3.1 Reading a PDB file

The first project is to read a PDB format file. The following snippet of code opens a file and swallows it. The list L will contain a list of lines:

fnam = '1au1.pdb'
f = open(fnam)
L = f.readlines()
print L[10]

But L includes a lot of header lines from the PDB file that we really don’t need. To help filter out the ATOM records, we make use of Pythons regular expression module, called re. Then we step through all lines in the list L, extract the lines that start with ‘ATOM’, and append those to another list: data.

import re

data = []
for rec in L:
    if re.match('ATOM', rec):
        data.append(rec.split())

We check the length of the list data, and print out a few of the first atoms:

len(data)
data[0]
for i in 1,2,3,4:
    print data[i]

Remember, that Python arrays start at 0, so data[0] contains the first atom, but that atom has serial ID number 1.

3.2 Class based approach

Now we will create a more advanced and flexible data structure for atoms.
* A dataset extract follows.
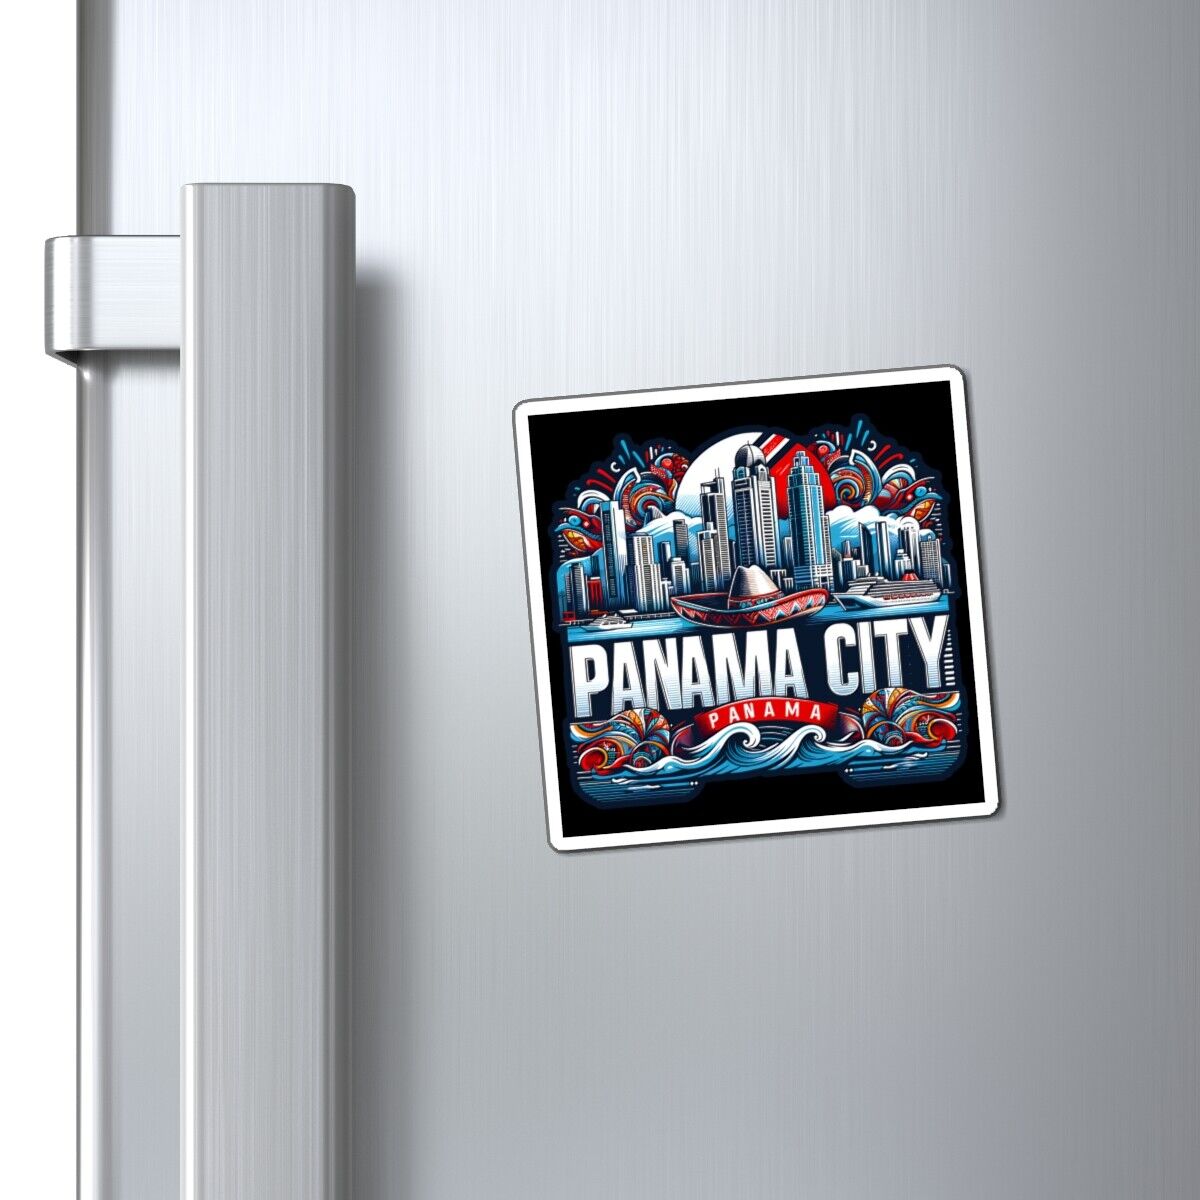 Panama City Panama Magnet

We create a file pdb.py with the following content:

 1: class Atom:
 2:  def __init__(self):
 3:         self.name = ''
 4:         self.id = 0
 5:         self.element_number = 6
 6:         self.x = 0.0
 7:         self.y = 0.0
 8:         self.z = 0.0
 9:         self.b = 1.0
10:         self.occ = 1.0

In line 2 we define the class constructor. In this design, the constructor does not need any parameters. So now we can define an “empty” atom. In IPython, we use the %run magic command to “source” the file pdb.py:

%run pdb
atom = Atom()
print a.x, a.y, a.z, a.occ, a.b

This will print out the default values defined in the constructor.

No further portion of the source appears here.